Activity
Transcribe exactly, and only, the lines from the one containing "Gildan Softstyle midweight women’s t-shirt" through the end of the entries below, leaving the pictures out.

Supplied records
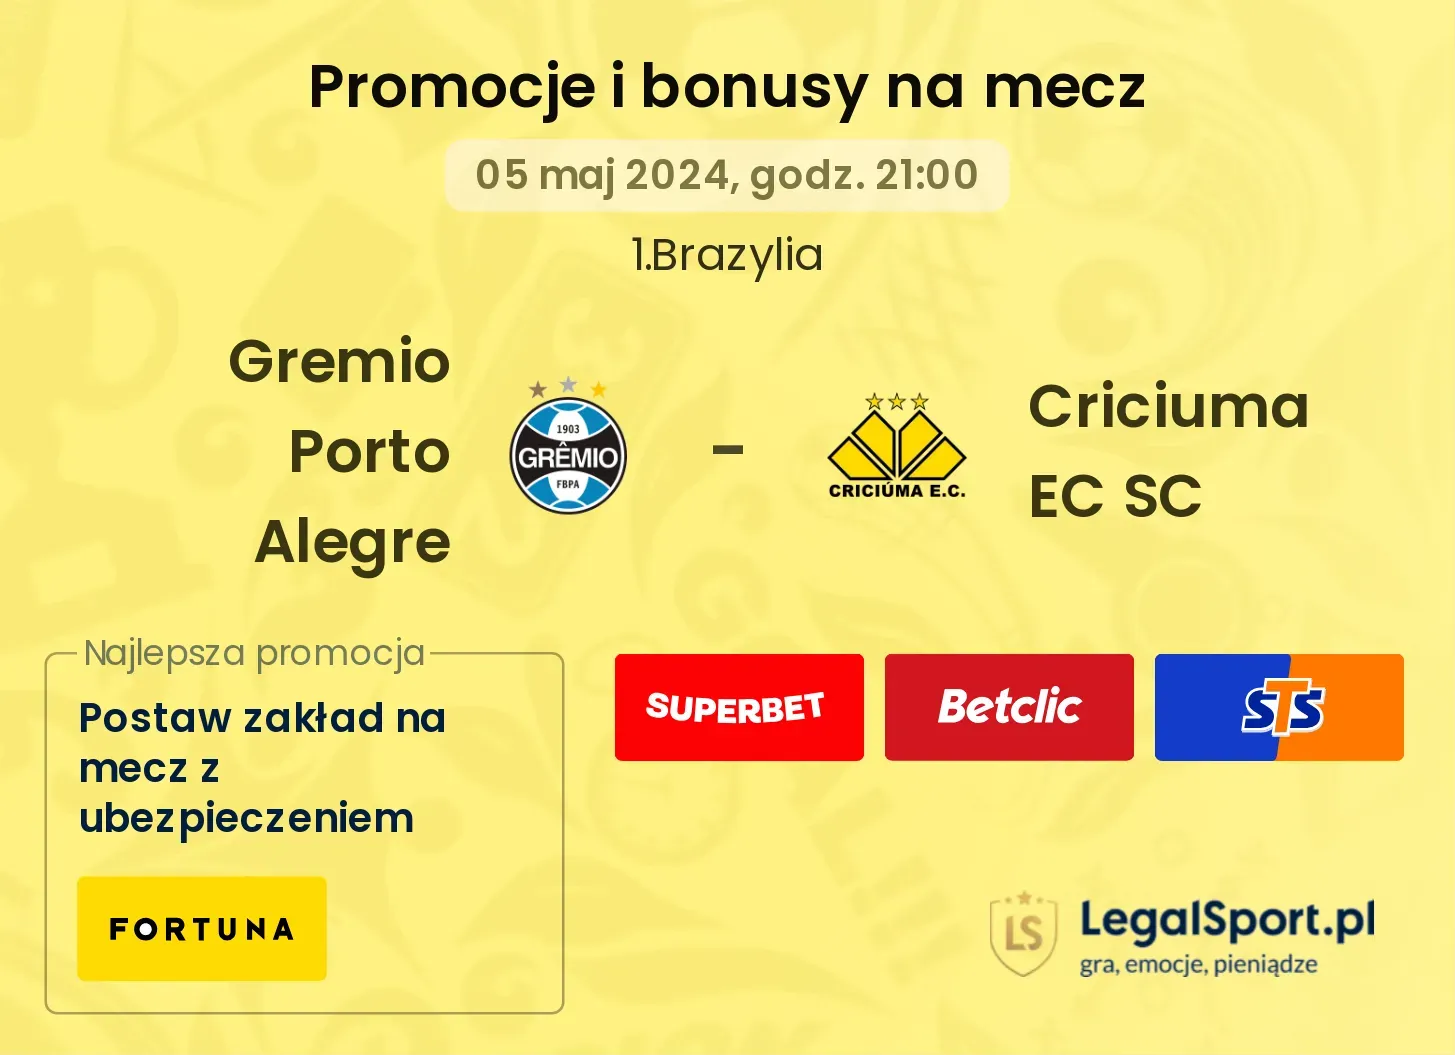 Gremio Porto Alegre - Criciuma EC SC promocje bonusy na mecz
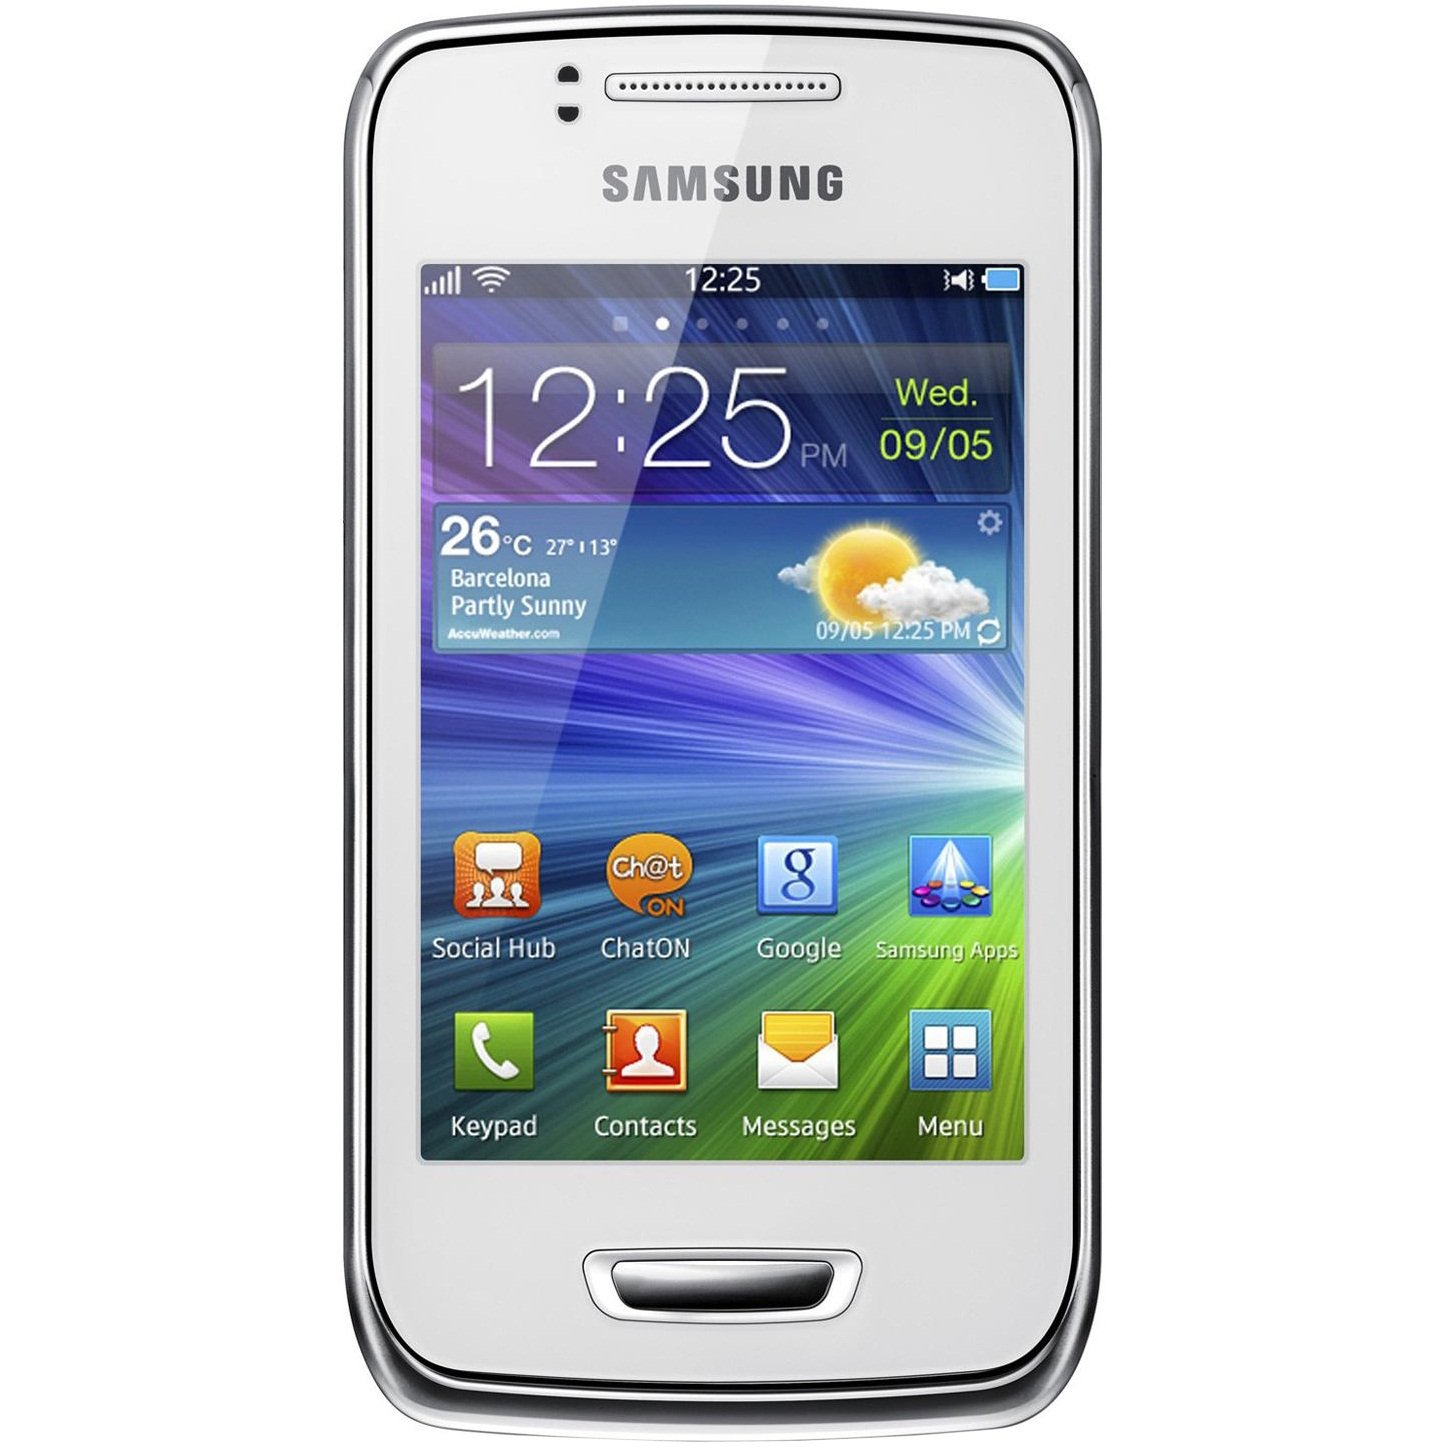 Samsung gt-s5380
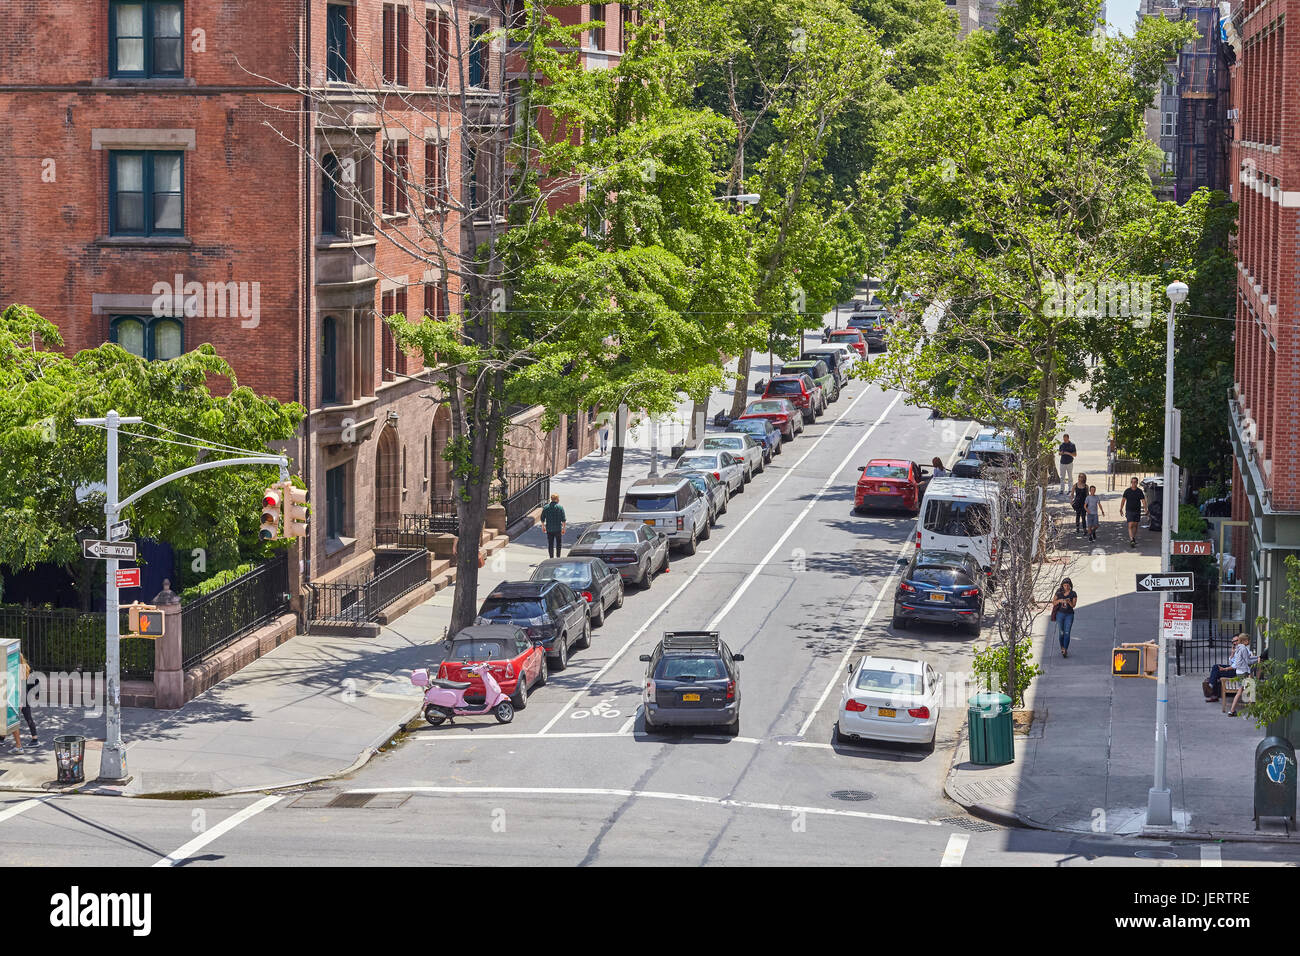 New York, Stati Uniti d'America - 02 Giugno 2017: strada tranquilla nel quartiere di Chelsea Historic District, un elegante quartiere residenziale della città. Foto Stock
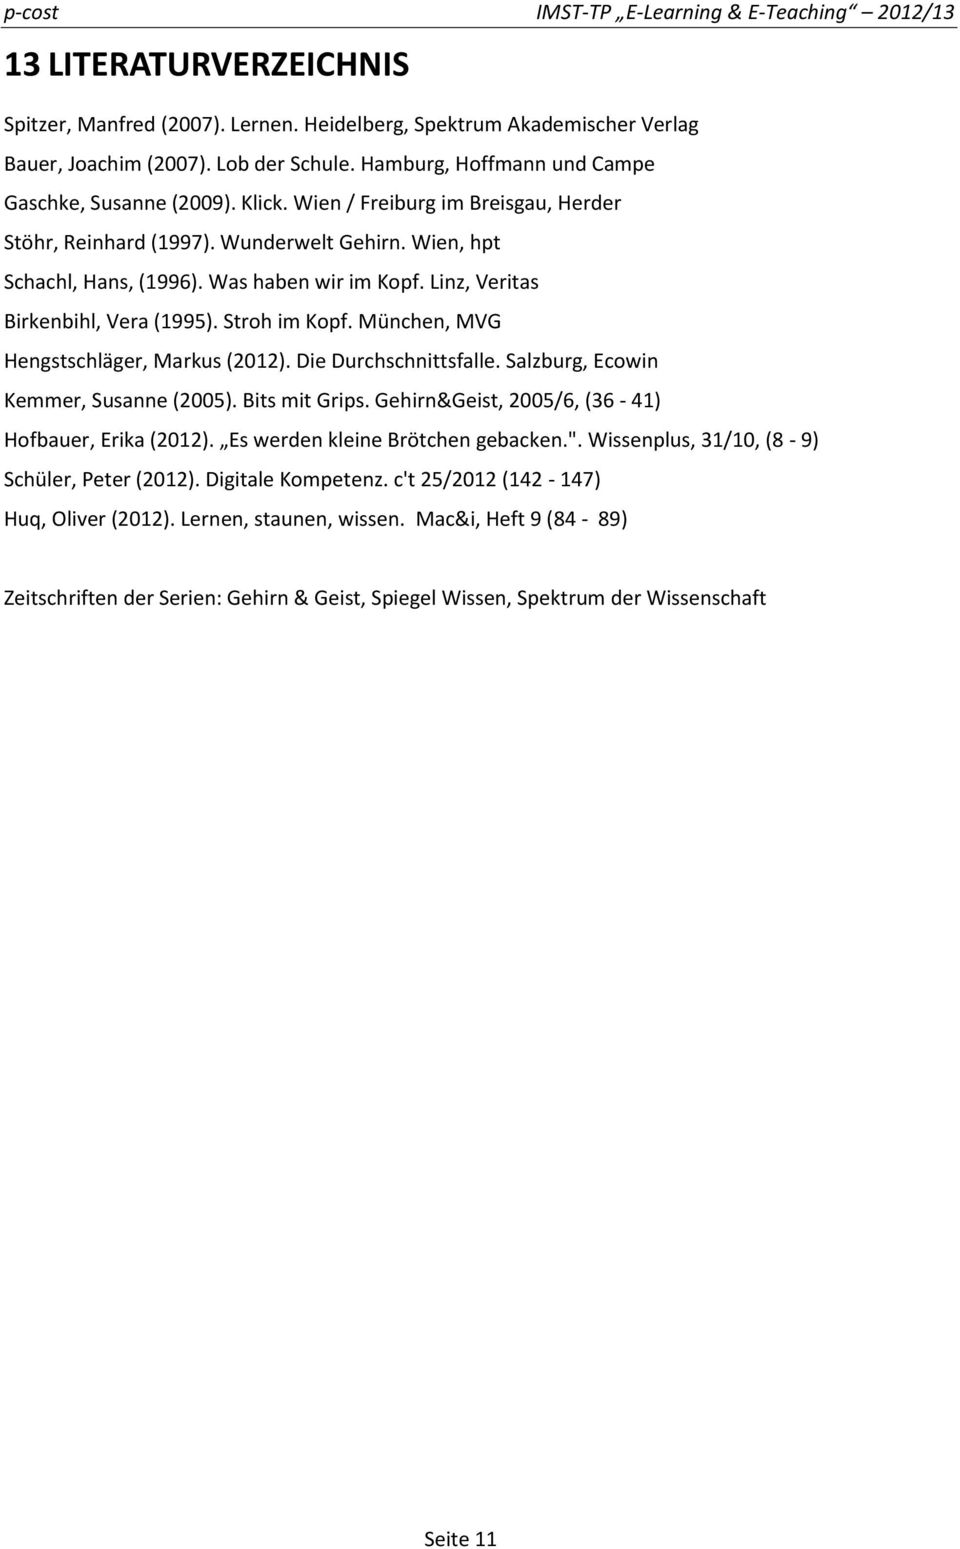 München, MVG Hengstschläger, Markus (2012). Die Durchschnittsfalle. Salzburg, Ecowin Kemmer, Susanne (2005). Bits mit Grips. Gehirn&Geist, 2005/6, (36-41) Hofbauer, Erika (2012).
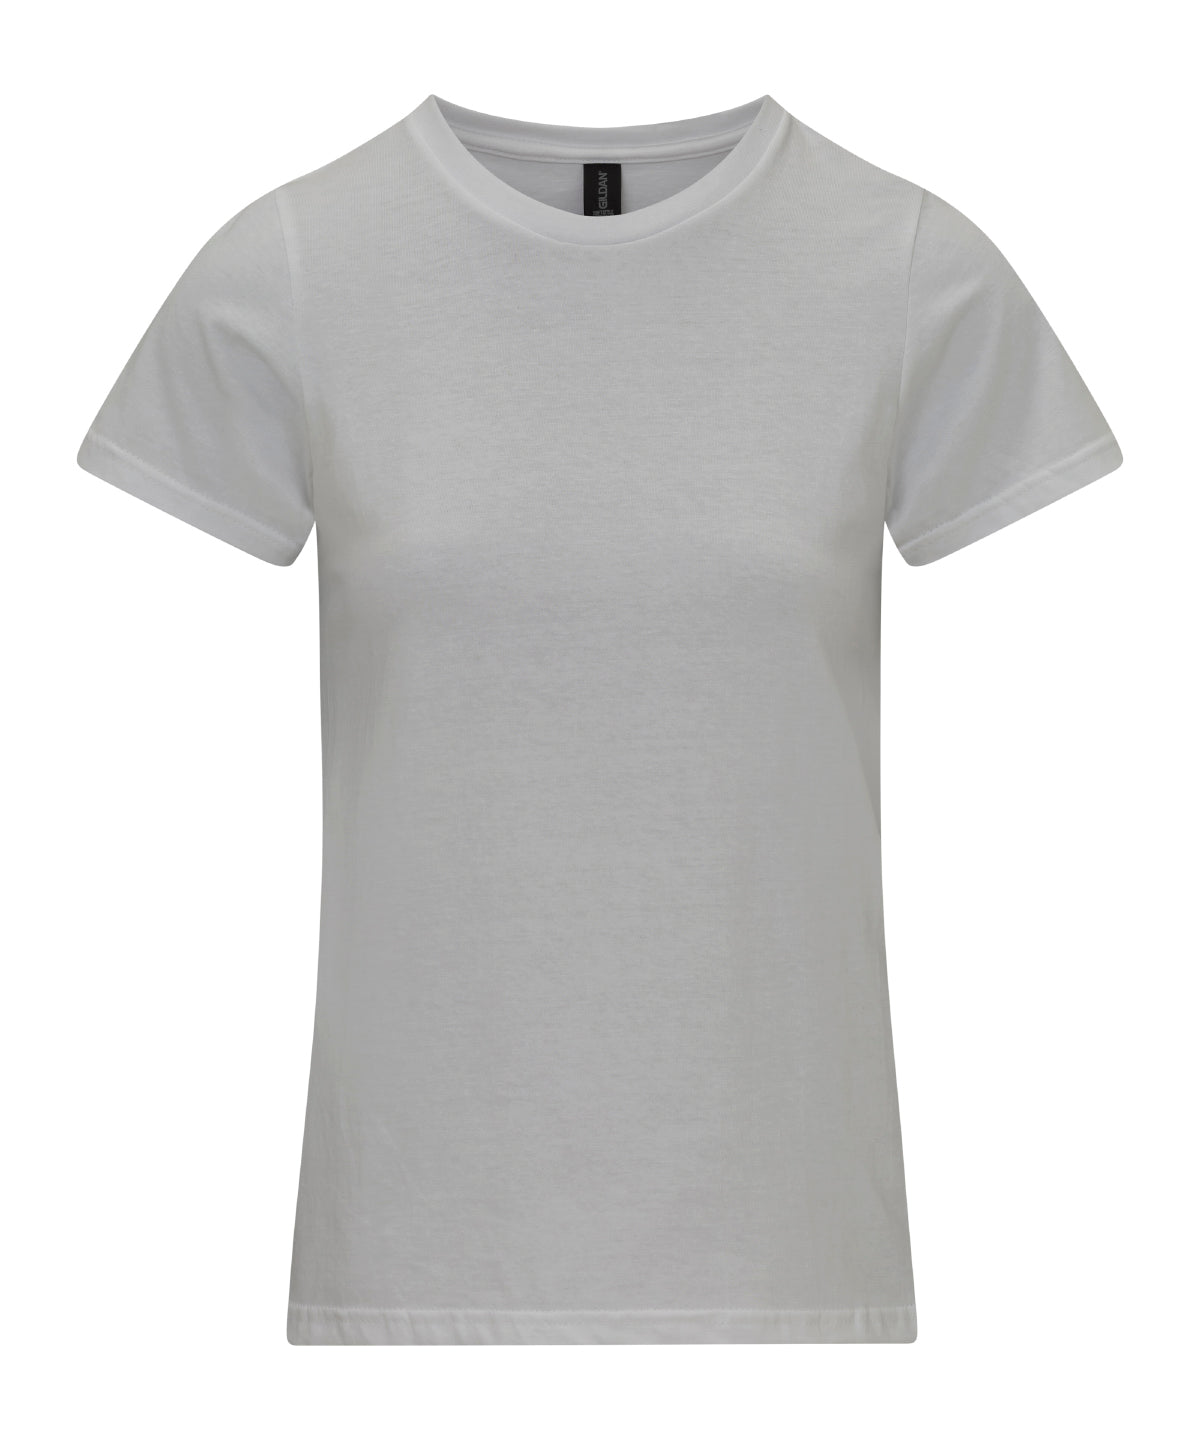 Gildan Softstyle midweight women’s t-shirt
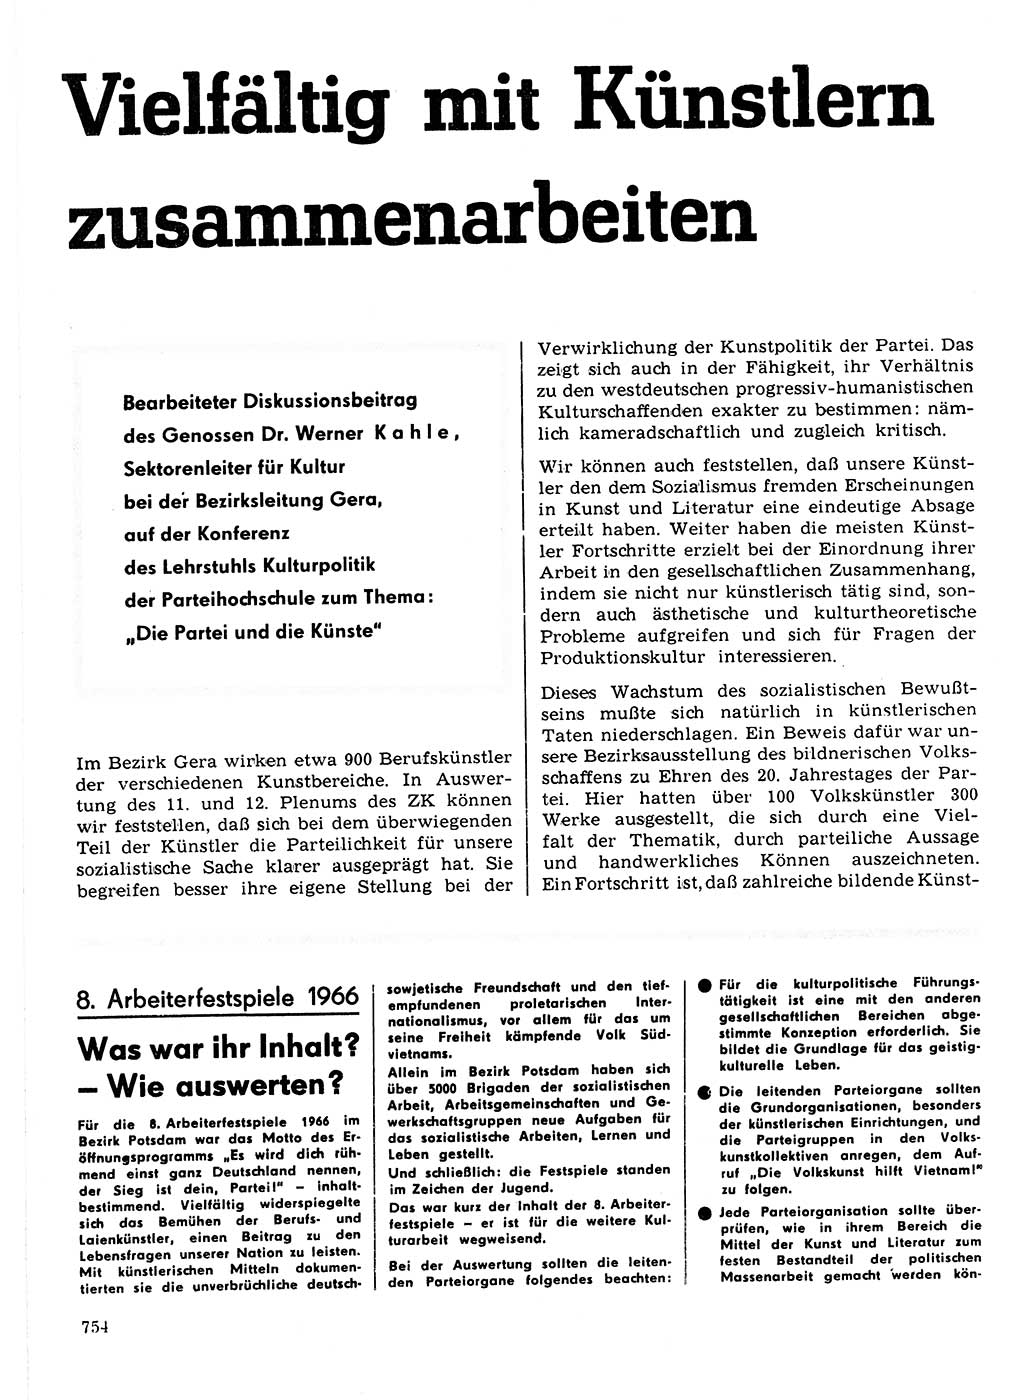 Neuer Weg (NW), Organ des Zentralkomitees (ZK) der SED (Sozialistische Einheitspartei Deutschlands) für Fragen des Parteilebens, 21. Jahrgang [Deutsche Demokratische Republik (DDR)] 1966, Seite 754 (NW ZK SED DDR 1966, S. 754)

Written solution
 Gildan Softstyle midweight women’s t-shirt
 Neuer Weg (NW), Organ des Zentralkomitees (ZK) der SED (Sozialistische Einheitspartei Deutschlands) für Fragen des Parteilebens, 21. Jahrgang [Deutsche Demokratische Republik (DDR)] 1966, Seite 754 (NW ZK SED DDR 1966, S. 754)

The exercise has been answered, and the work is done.